38342 2021-09-15 09:30:00 Australia FFA Cup Edge Hill Gold Coast Knights 1.007927e 06 1.920937e 06 ... Australia FFA Cup 1.49 1.49 3.58 2.4 O 1.5
43807 2021-09-21 09:30:00 Australia FFA Cup Queensland Lions Casuarina 3.333684e 06 7.619200e-01 ... Australia FFA Cup 1.49 1.49 3.58 2.4 W & O 1.5
49031 2021-09-26 05:00:00 Australia FFA Cup Floreat Athena Adelaide United 6.885740e-01 2.832026e 06 ... Australia FFA Cup 1.49 1.49 3.58 2.4 W & O 1.5
53094 2021-09-29 10:00:00 Australia FFA Cup ECU Joondalup Adelaide Olympic 2.042965e 06 1.688064e 06 ... Australia FFA Cup 1.49 1.49 3.58 2.4 O 1.5
54080 2021-09-29 10:00:00 Australia FFA Cup ECU Joondalup Adelaide Olympic 1.803334e 06 1.554651e 06 ... Australia FFA Cup 1.49 1.49 3.58 2.4 O 1.5
CodePudding user response:
You could just make these conversions:
IF args
to if args:
,
ELSEIF args
to elif args:
,
AND
to and
,
THEN
to somevar =
,
arg1 = arg2
to arg1 == arg2
Essentially that would work, but your conditions could be heavily optimized.

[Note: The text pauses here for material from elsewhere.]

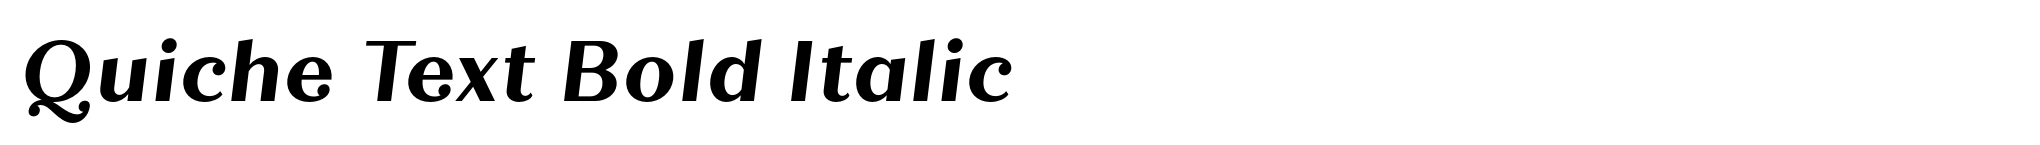 Quiche Text Bold Italic image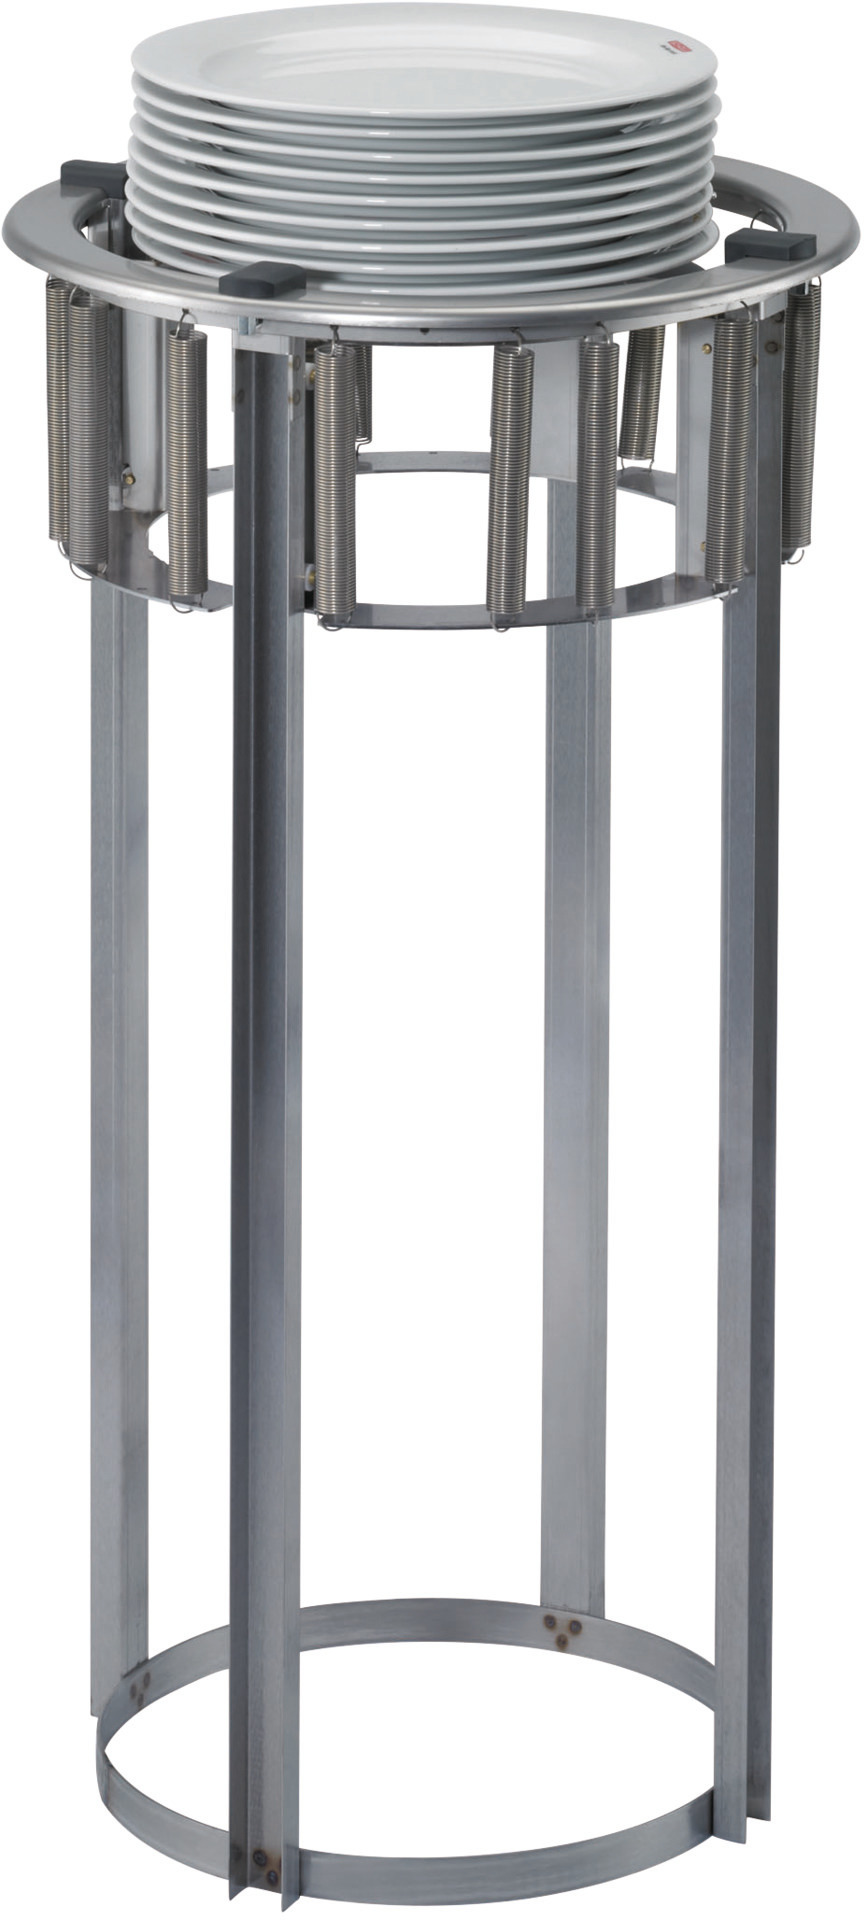 Teller-Einbauspender unbeheizt für 50  Teller 190 - 238 mm Einbautiefe 760 mm

PSD = 'predicted_score_difference'
PTS = 'predicted_total_score'
out = 'N'
if df["country"] == df_list["Country"] and df["league"] == df_list["League"]:
if df[PSD] > df_list["Win"]:
out = 'W'
elif df[PSD] > df_list["DNB"]:
out = 'DNB'
if df[PTS] > df_list["O 1.5"] or df[PTS] < df_list["U 4.5"]:
out = f'{out} O 1.5'
else:
out = f'{out} U 4.5'
print(out)
CodePudding user response:
if df["country"] == df_list["Country"] and df["league"] == df_list["League"] and df["predicted_score_difference"] > df_list["Win"] and df["predicted_total_score"] > df_list["O 1.5"]:
return "W & O 1.5"
elif df["country"] == df_list["Country"] and df["league"] == df_list["League"] and df["predicted_score_difference"] > df_list["Win"]:
return "W"
...
Basically '=' is converted to '==' in python and '>' and '<' remain the same. 'IF' becomes 'if' and 'ELSEIF' becomes 'elif'. 'AND' becomes 'and' and 'THEN' is replaced with indentation.